Op Elspeterweg 32 is het bedrijf Autogarage Dijkgraaf gevestigd, een autogarage met LPG-tankstation. Dit bedrijf valt onder het Besluit externe veiligheid inrichtingen (BEVI) vanwege de aanwezigheid van LPG. Het LPG-tankstation kent een PR 10-6 contour van 15 meter rondom de LPG-afleverzuil, 25 meter rondom de ondergrondse LPG-tank en 45 meter rondom het LPG-vulpunt. Binnen deze contouren mogen geen(beperkt) kwetsbare objecten gerealiseerd worden. De Aardhuislocatie is buiten de PR 10-6 contouren gelegen.

Het invloedsgebied voor de bepaling van het groepsrisico (GR) betreft het gebied binnen een straal van 150 meter rondom het LPG-vulpunt. De Aardhuislocatie ligt buiten het invloedsgebied (zie verder de notitie van de Regio Stedendriehoek hieromtrent van 12 april 2012, nr. DOS 2012503745, zie bijlage Externe veilighied).

Onderzoeksresultaten Transport van gevaarlijke stoffen over water, spoor en weg.

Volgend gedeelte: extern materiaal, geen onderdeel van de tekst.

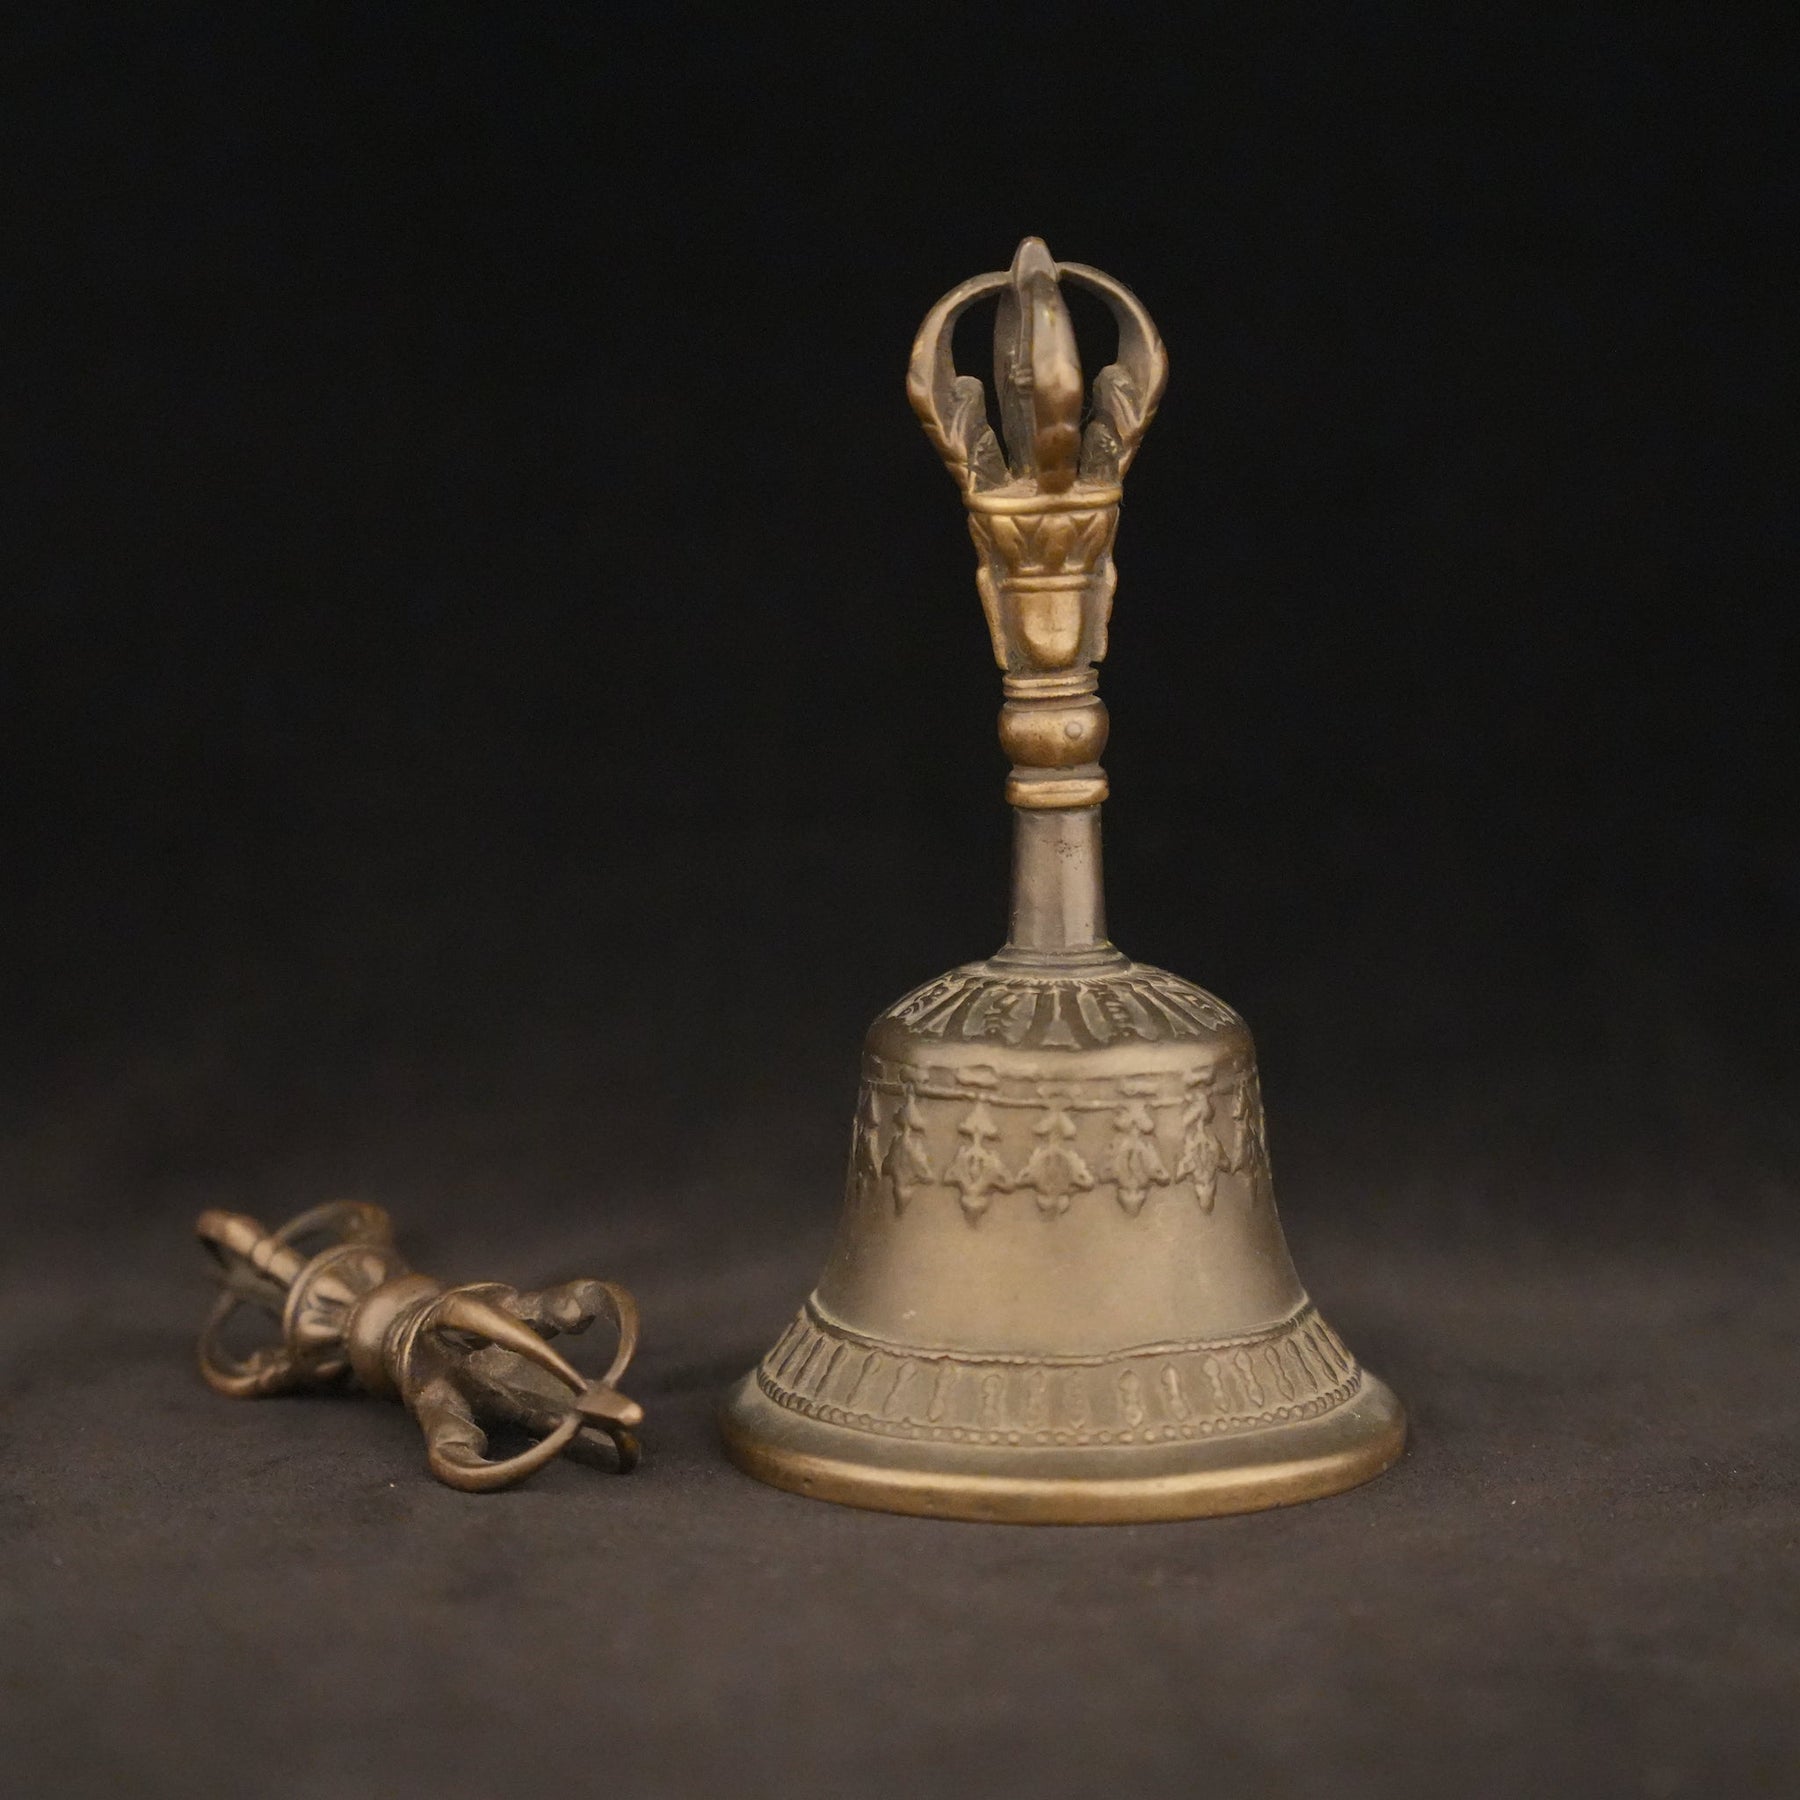 Hand Ring Bell Tibetan Hand Bell Witch Bells Music Hand Bells Portable  Handbell Dinner Hand Bell Wedding Hand Bells Tibetan Bells Handheld Bell  Note

De Elspeterweg (N310) is een provinciale weg en daarmee een doorgaande route voor vervoer van gevaarlijke stoffen. In het bovengenoemde advies van de Regio Stedendriehoek is ook de invloed van het transport van gevaarlijke stoffen over de Elspeterweg op de Aardhuislocatie beschouwd.

Plaatsgebonden risico

Ten gevolge van deze transporten blijkt er geen plaatsgebonden risico 10-6 aanwezig te zijn. Het plaatsgebonden risico levert derhalve geen beperking voor de planontwikkeling op.

Groepsrisico

De Elspeterweg blijkt geen transportroute te zijn waarvoor externe veiligheid een belangrijk item is. Derhalve is geen verantwoording van het groepsrisico noodzakelijk.

Onderzoeksresultaten Transport van gevaarlijke stoffen door buisleidingen.

Binnen en nabij de planlocatie zijn geen buisleidingen voor het transport van gevaarlijke stoffen gelegen die ruimtelijk relevant zijn.

Milieu effect beoordeling

Het bestemmingsplan maakt een activiteit mogelijk die is opgenomen in onderdeel D van de bijlage bij het Besluit m.e.r., te weten woningbouw. Maar de drempelwaarde van 2000 woningen of 100 hectare wordt niet overschreden. Daarom is een vormvrije m.e.r.-beoordeling opgesteld.

In Bijlage III van de Europese richtlijn 85/337/EG zijn factoren genoemd welke in ogenschouw genomen dienen te worden bij de beoordeling of er wel of geen sprake is van een aanzienlijk milieugevolg. Het betreft factoren over de kenmerken van het project, de plaats van het project en kenmerken van het potentiele effect van het project.

Met dit bestemmingsplan worden op de Aardhuislocatie 105 woningen mogelijk gemaakt. Het oppervlakte van de uitbreiding bedraagt circa 4,1 ha. Dit is aanzienlijk lager dan de grenzen in onderdeel D van de bijlage van het Besluit. Desalniettemin wordt onderstaand ingegaan op de relevante factoren genoemd in bijlage III van de Richtlijn.

1. Kenmerken van het project

Ten aanzien van het criterium “kenmerken van het project” worden de volgende relevante factoren in overweging genomen in relatie tot het realiseren van 105 woningen.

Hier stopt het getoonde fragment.